# AI Coding Agent Instructions
## Project Overview
This is an **OpenAI Image Generation MCP Server** — a TypeScript-based Model Context Protocol server that exposes OpenAI's image generation models (gpt-image-1, gpt-image-1-mini, DALL-E 3, DALL-E 2) as MCP tools for use with Claude and other MCP clients.
## Architecture
### Core Components
**Two-layer architecture:**
1. **MCP Server Layer** (`src/mcp-server.ts`) — Handles MCP protocol
- Exposes 4 separate tools: `generate_image_gpt`, `generate_image_gpt_mini`, `generate_image_dalle3`, `generate_image_dalle2`
- Each tool routes to a dedicated handler that validates arguments and calls the provider
- Uses `@modelcontextprotocol/sdk` for stdio-based communication
- All debugging/logging goes to stderr, not stdout (MCP protocol requirement)
2. **OpenAI Provider Layer** (`src/openai-provider.ts`) — Handles API interaction
- Abstracts OpenAI API calls with model-specific parameter handling
- Supports both base64 (`b64_json`) and URL response formats from OpenAI
- Handles file I/O: creates output directories, manages multi-image saving (numbered filenames)
- Has fallback mock PNG generation for testing against non-functional servers
### Key Design Patterns
**Model-Specific Type System:**
- Each model has a distinct options interface (`GptImage1Options`, `DallE3Options`, etc.)

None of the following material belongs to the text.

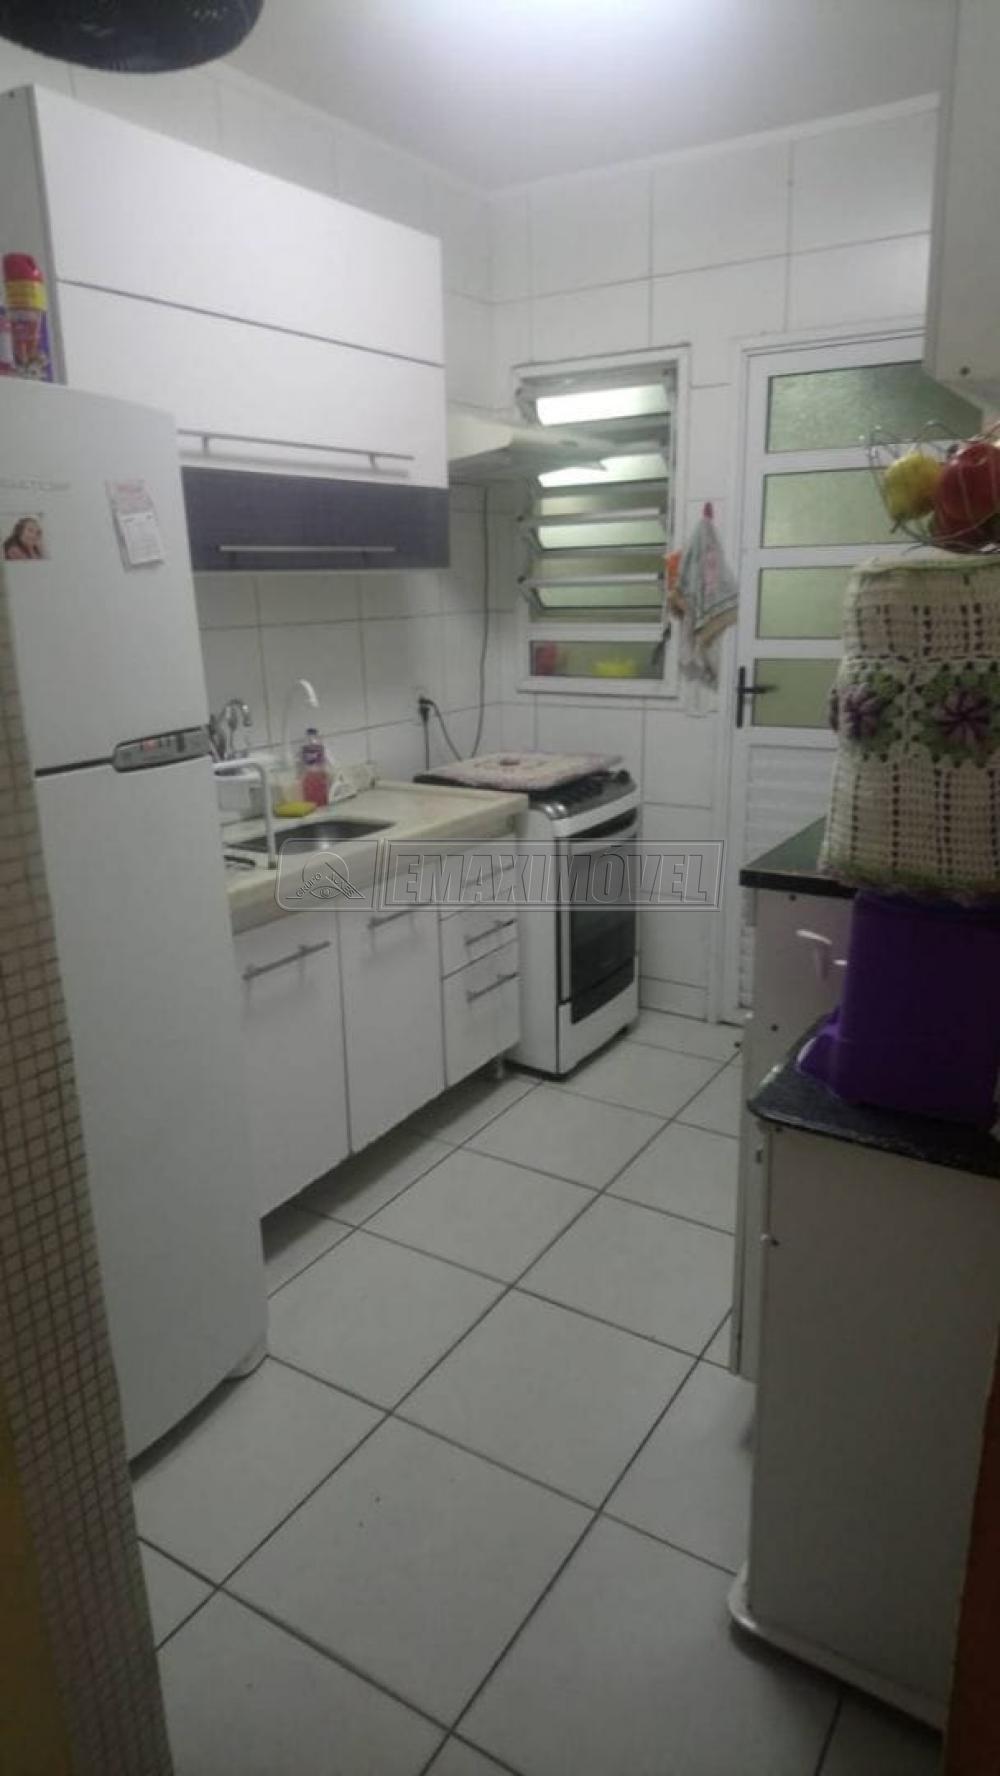 Comprar Casa / em Condomínios em Sorocaba R$ 225.000,00 - Foto 3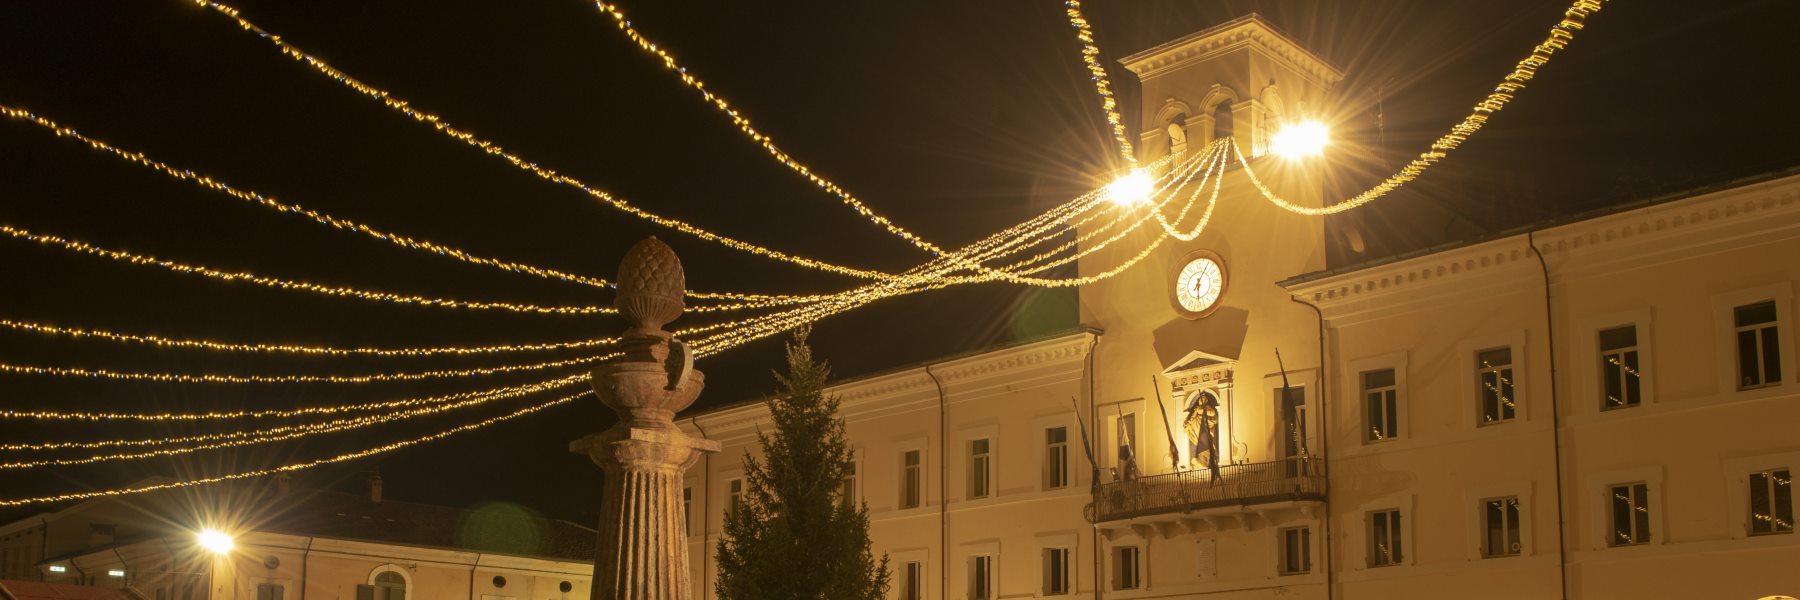 1 - Weihnachtsbeleuchtung auf der Piazza Garibaldi

- Union type `ImageGenerationOptions` ensures type safety during dispatch
- gpt-image-1/mini support 24 parameters (size, quality, background, compression, format)
- DALL-E 3 only supports n=1 (enforced in handler)
- DALL-E 2 supports basic parameters (size, n, quality)
**Parameter Transformation:**
- All handlers convert user arguments → model-specific options → OpenAI API params
- `response_format: 'b64_json'` always used (response images saved to disk, not returned)
- Both URL and base64 response handling in `saveImages()` method
**Multi-Image Handling:**
- Single image: saved to exact output path
- Multiple images: numbered with pattern `basename_1.ext`, `basename_2.ext`, etc.
## Development Workflows
### Build & Run
```bash
npm install # Install dependencies
npm run build # TypeScript compilation to dist/
npm start # Run compiled server (stdio transport)
npm run dev # Build + run (useful for development)
```
### Testing
```bash
npm run integration-test # Full integration test against mock server
```
The test suite spawns the server as a subprocess and sends JSON-RPC requests, simulating MCP client behavior. It validates tool listing and all four image generation calls.
### Environment Setup
- **Required:** `OPENAI_API_KEY` environment variable (sk-... format)
- **Optional:** `OPENAI_API_URL` for custom API endpoint (used for testing with mock servers)
- Dev setup: Create `.env` file or set env vars before `npm start`
## Critical Implementation Details
### Validation & Error Handling
1. **API Key Validation:** Check happens in mcp-server constructor; warns if format doesn't match `sk-*`
2. **Required Parameters:** Prompt and output path are always required; missing args throw `McpError` with `InvalidParams` code
3. **Error Responses:** Don't throw; return `{ content: [...], isError: true }` to prevent server crash
4. **Logging Convention:** All logs to stderr (with `console.error()`), includes request details and response metadata
### Response Format
Success response includes:
- `success: true`
- `model`: which model was used
- `savedFiles`: array of filesystem paths where images were written
- `response`: raw OpenAI response object
### File I/O Edge Cases
1. **Directory Creation:** `fs.mkdirSync(outputDir, { recursive: true })` if output dir doesn't exist
2. **Mock Server Fallback:** If OpenAI returns neither `b64_json` nor `url`, generates minimal valid PNG placeholder
3. **Base64 Decoding:** `Buffer.from(b64_json, 'base64')` then `fs.writeFileSync()`
4. **URL Downloads:** Uses axios to fetch URLs with `responseType: 'arraybuffer'`
## Common Tasks
### Adding a New Model
1. Define model options interface in `openai-provider.ts` (with specific parameters)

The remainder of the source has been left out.